Michael Rian Torrence (April 15, 1961 – September 6, 1996) was an American serial killer responsible for the murders of three people in South Carolina from February to March 1987, two of which were committed with the help of his brother and his brothers wife, Donna. Sentenced to death for one murder and two life terms, Torrence successfully volunteered for his execution, dropping all appeals against the wishes of his public defender, and was executed in 1996.

Murders and arrest
In early 1987, 20-year-old Donna Michele Webb Torrence, a topless dancer who worked at a strip club called "The Carriage House" near Fort Jackson, complained to her husband, 28-year-old Thomas John Torrence, that two patrons had supposedly taunted her. In order to get back at them, Torrence recruited his younger brother, Michael, and the trio decided to rob them. They eventually tracked the two men, 31-year-old Charles Alan Bush and 41-year-old Dennis Lollis, both of whom were engineers at the M. Lowenstein Corporation textile mill in Olympia, to their shared room at the Red Roof Inn in Cayce.

On February 11, Donna, went to the hotel and knocked on the victims door and told Mr. Bush her car had broke down and persuaded him to give her a ride to her residence, who then drove her to her family house in Pine Ridge. She invited him to come inside, just as he entered the house Michael was hiding behind the door and slammed it shut behind the victim. Thomas and Michael then beat Mr. Bush with a tire thumper and choked him with a dog chain. The pair then stole the key to the motel room and drove to the Red Carpet Inn, where they snuck in and stabbed the sleeping Lollis to death. After stealing all of the money and valuables they could find, the brothers left. On the following day, Lollis' body was discovered, with an autopsy determining that he had been stabbed over 20 times.

Soon after the murders, the Torrences left Pine Ridge and resettled in Charleston. On March 28, Michael picked up a 20-year-old prostitute, Cynthia M. Williams, but for reasons unknown, the pair got into an argument. Angered, he grabbed a shotgun and shot her in the chest, killing Williams on the spot. He then drove to the I-526 and dumped her body, where it was soon discovered by two motorists. As he was last seen in her company, Michael was considered the prime suspect by police, who kept him under surveillance until they gathered enough evidence to secure an arrest. On April 6, the two brothers were arrested at their Charleston home and brought in for interrogation.
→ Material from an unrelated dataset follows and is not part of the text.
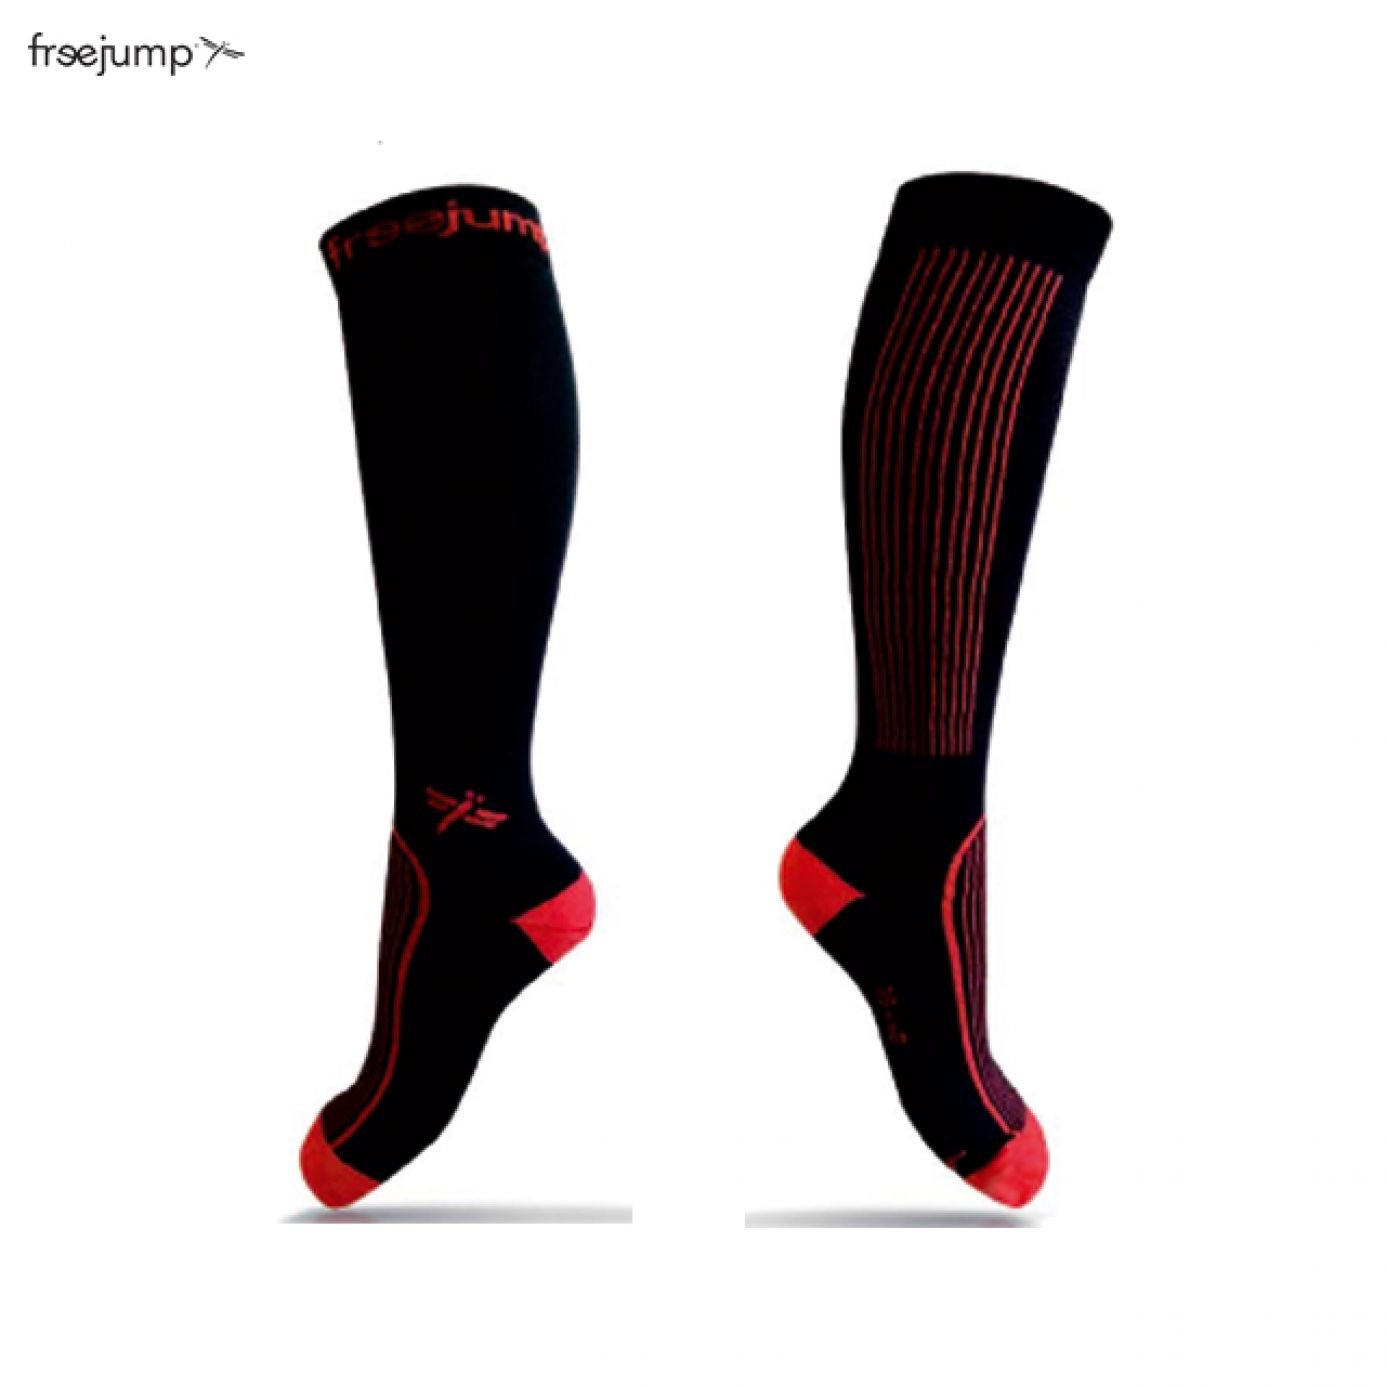 Freejump Technical socks

During questioning, they both admitted responsibility for the Bush-Lollis murders, later indicating where they had buried Bush's body.

Trial, volunteering and execution
After their arrest, the Torrences were held without bond and in separate jails: Donna and Thomas were in Lexington County, while Michael was held in Charleston County. Due to the severity of their crimes, prosecutors in both counties considered seeking the death penalty against all three defendants, especially concerning the Bush-Lollis murders. By the end of the trial, however, only Michael would be sentenced to death on one count for Lollis' murder, receiving life terms for the two other murders. His brother also received a life term, while Donna accepted a plea deal and was given a lesser sentence in exchange for testifying against them.

The sentence was overturned by the South Carolina Supreme Court just a year later, and Torrence was ordered to undergo a new trial in 1994, where he was again found guilty and resentenced to death by jury verdict. Soon after, Torrence started petitioning the courts to allow him to drop all of his pending appeals, as he claimed that he preferred to be executed rather than spend the rest of his life in prison. Due to this, he frequently clashed with his court-appointed lawyer Joe Savitz, who barred him from doing interviews with the press. Savitz expressed his belief that his client was mentally unstable, as he had supposedly claimed to have killed a family in Guatemala in 1979 while working as a mercenary, which Torrence's father said could not be true, as Michael had been imprisoned in North Carolina at the time. In contrast, prosecutor Donald Myers supported Torrence's efforts, arguing that, in contrast to what his attorney claimed, his racial prejudices and other hateful beliefs did not make him irrational, and that he was well-aware of what he had done.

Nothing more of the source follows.